== Segment start ==

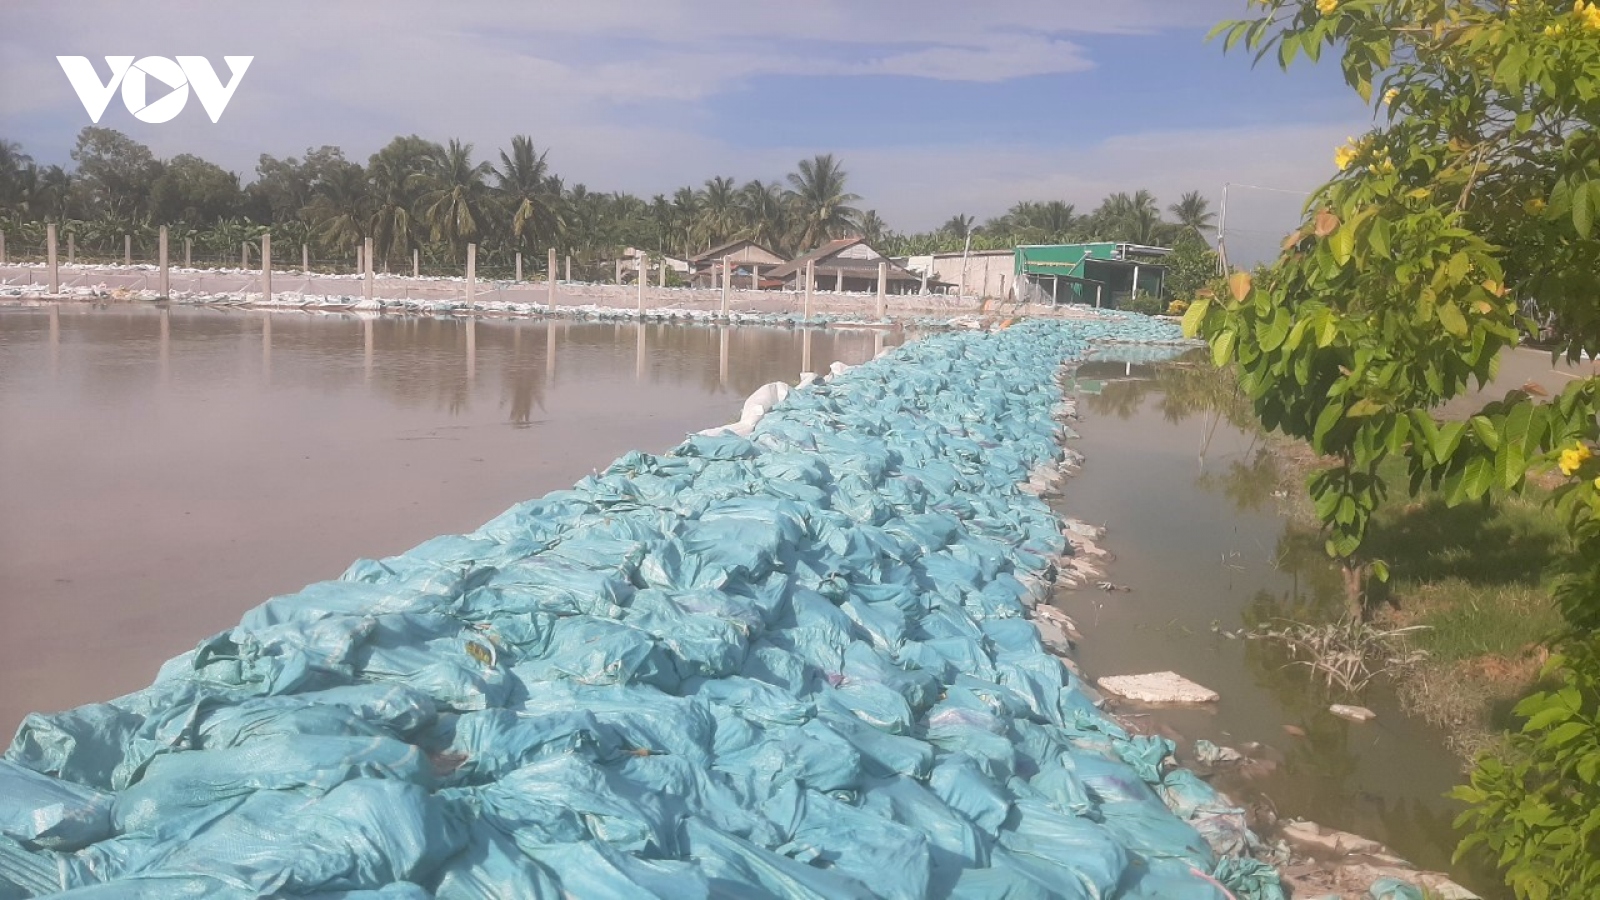 Tỉnh Tiền Giang chỉ đạo xử lý việc ao trữ bùn cát gây ngập úng do VOV phản ánh
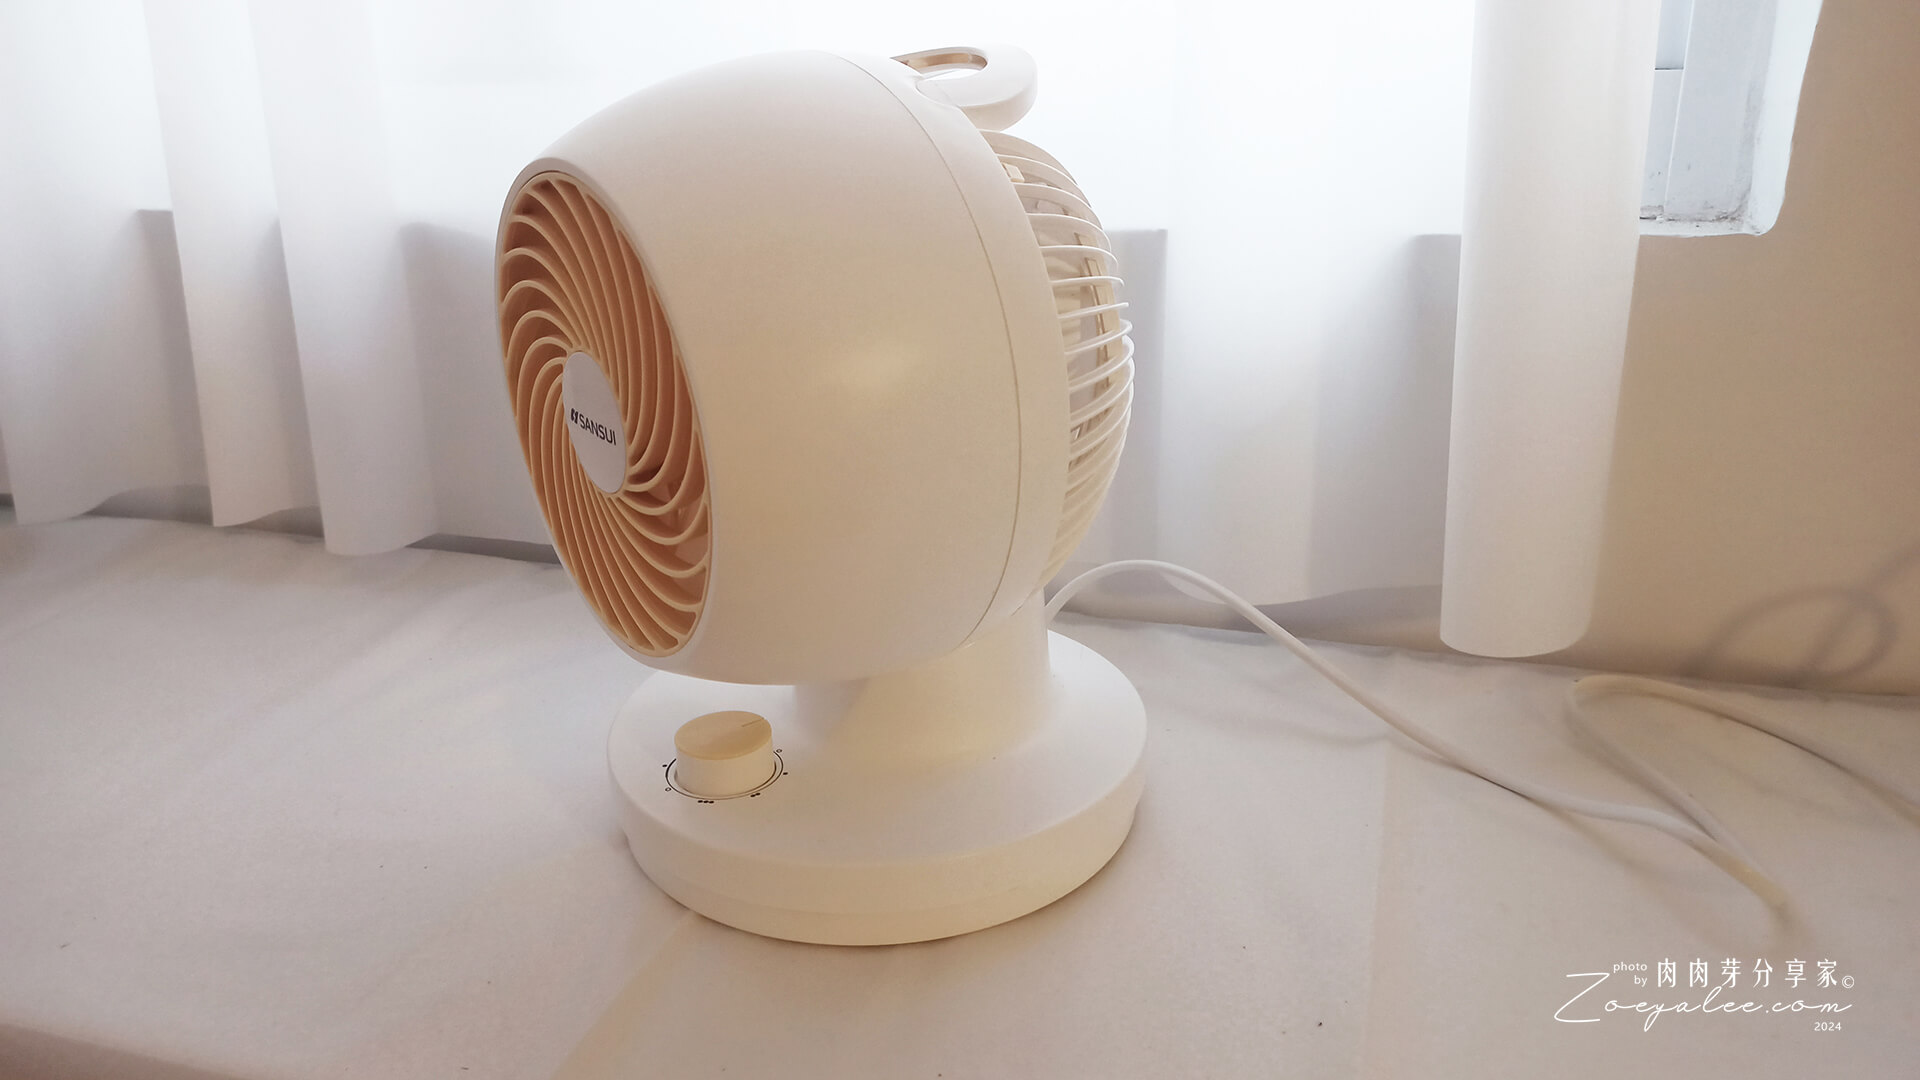 SANSUI山水-空氣循環扇,風柱渦漩氣流,輕巧可攜帶,冷房暖房乾衣更快速!SDF-93M2體驗開箱
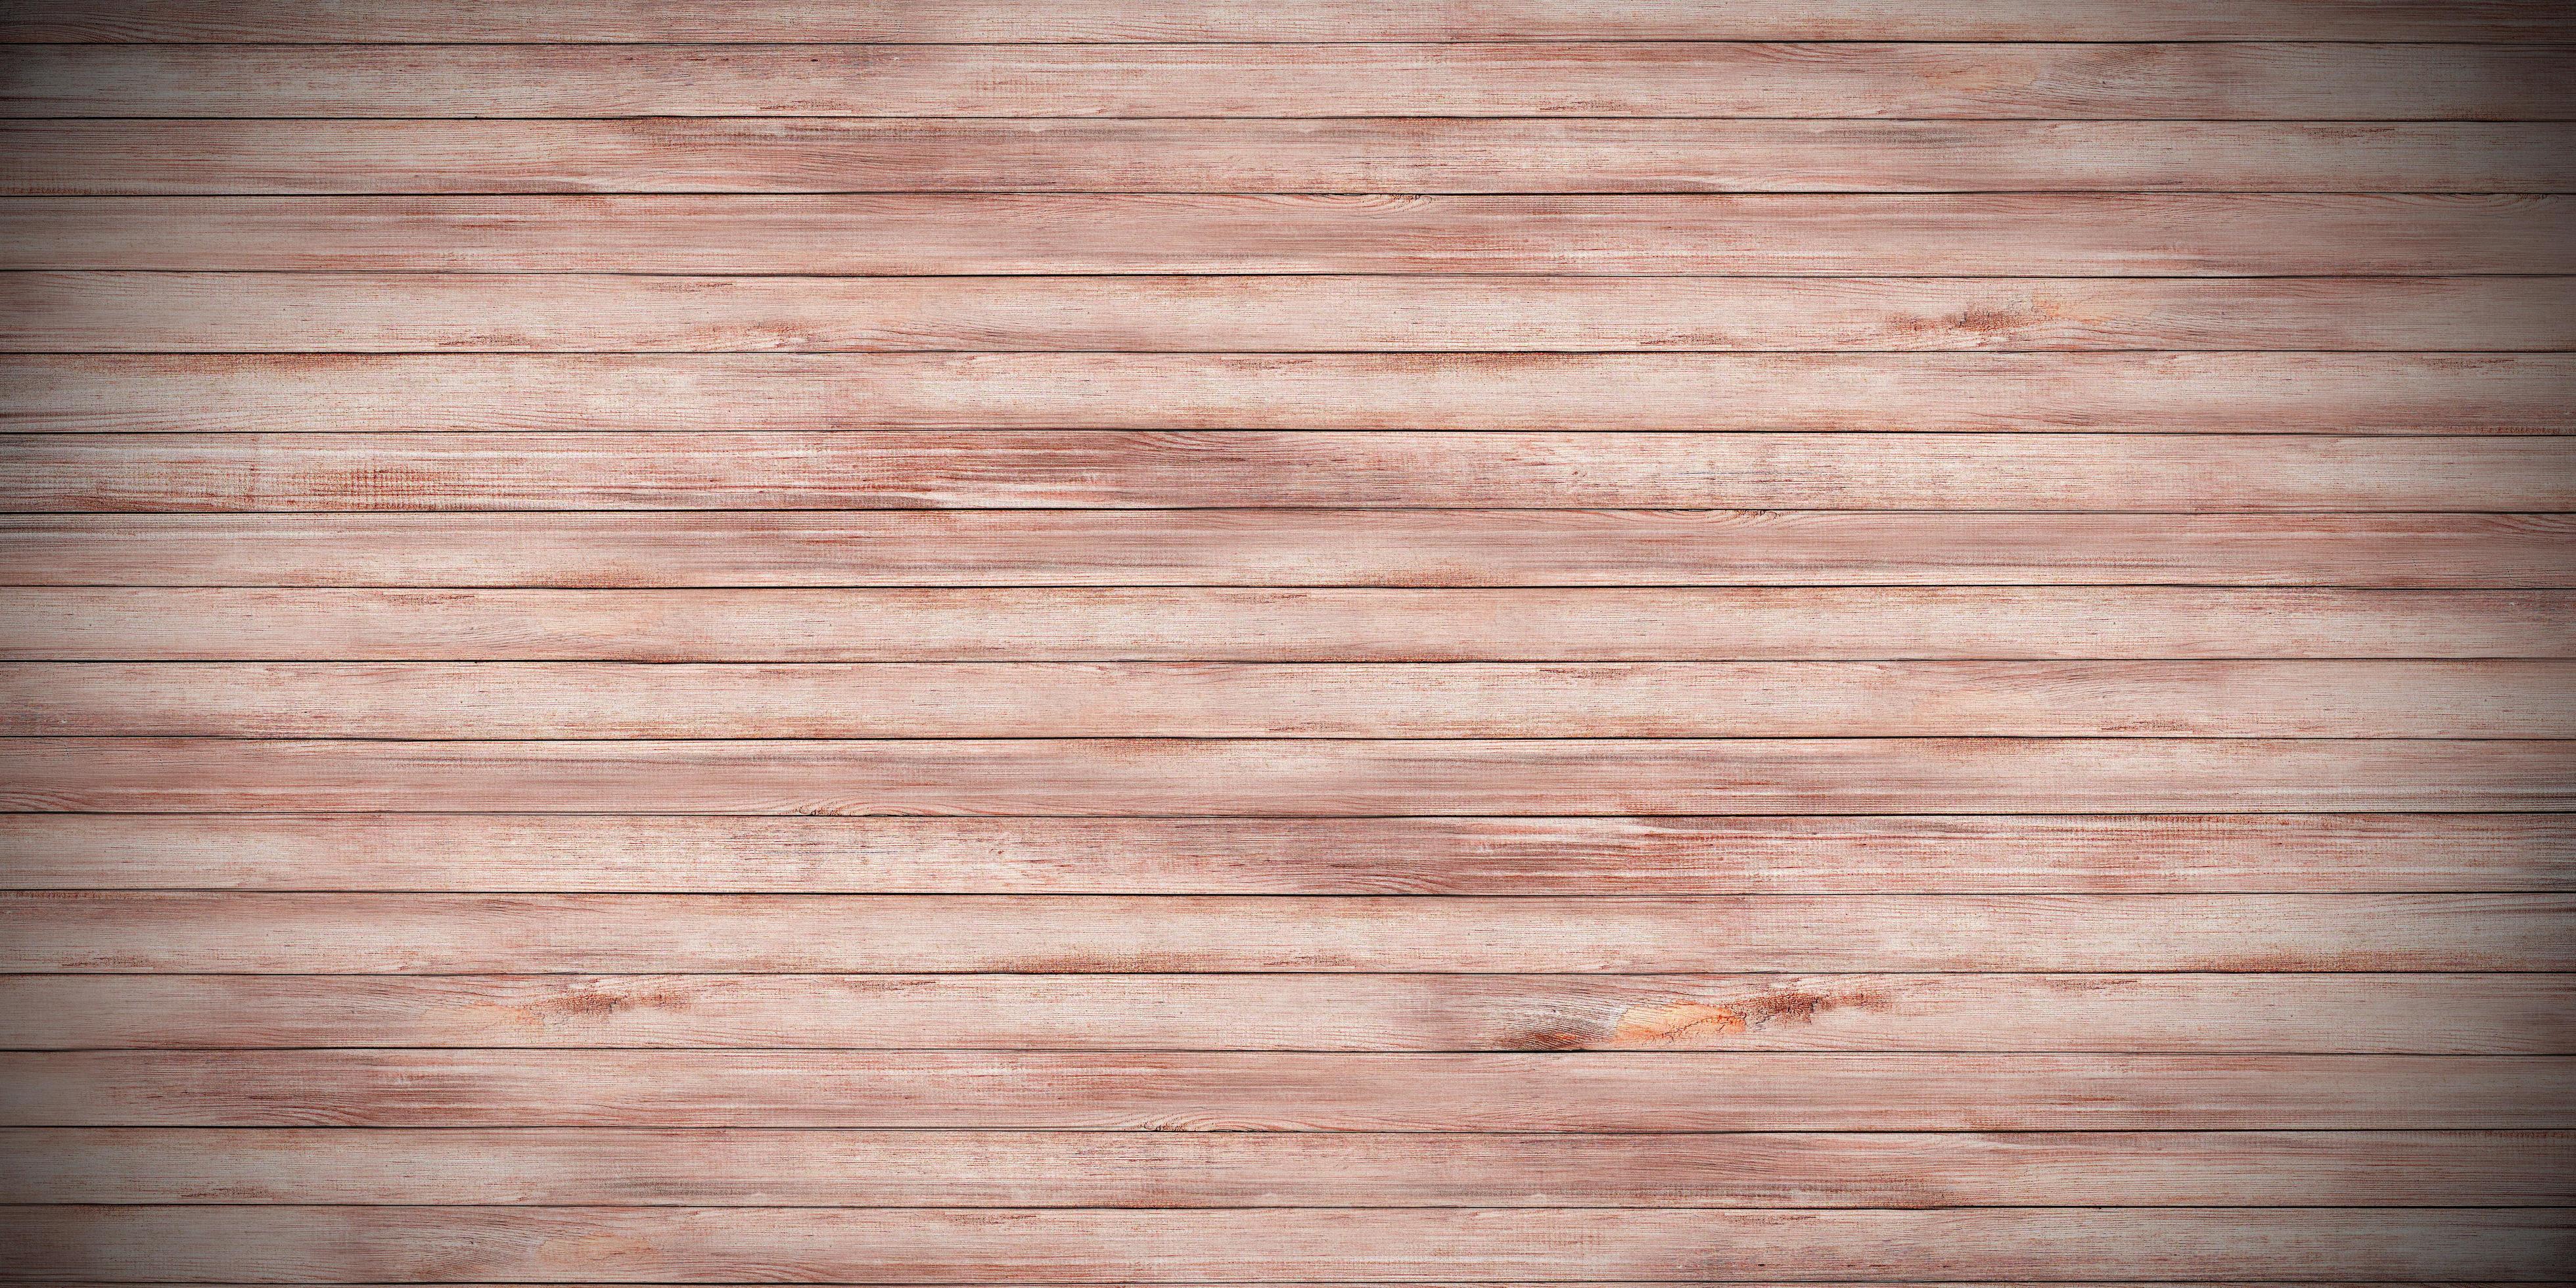 Với sàn gỗ cũ texture, bạn có thể cảm nhận được sự chân thật và đầy chất bụi của một không gian cổ kính. Sàn gỗ nứt nẻ đầy sự mộc mạc và kinh nghiệm sử dụng, làm cho người nhìn thấy đầy ấm áp và mộc mạc.

== Segment end ==

▶ [Brief]: Would you repeat the listing word for word and skip every picture?

▶ [Result of this exercise]:
 Tỉnh Tiền Giang chỉ đạo xử lý việc ao trữ bùn cát gây ngập úng do VOV phản ánh
 SANSUI山水-空氣循環扇,風柱渦漩氣流,輕巧可攜帶,冷房暖房乾衣更快速!SDF-93M2體驗開箱
 Với sàn gỗ cũ texture, bạn có thể cảm nhận được sự chân thật và đầy chất bụi của một không gian cổ kính. Sàn gỗ nứt nẻ đầy sự mộc mạc và kinh nghiệm sử dụng, làm cho người nhìn thấy đầy ấm áp và mộc mạc.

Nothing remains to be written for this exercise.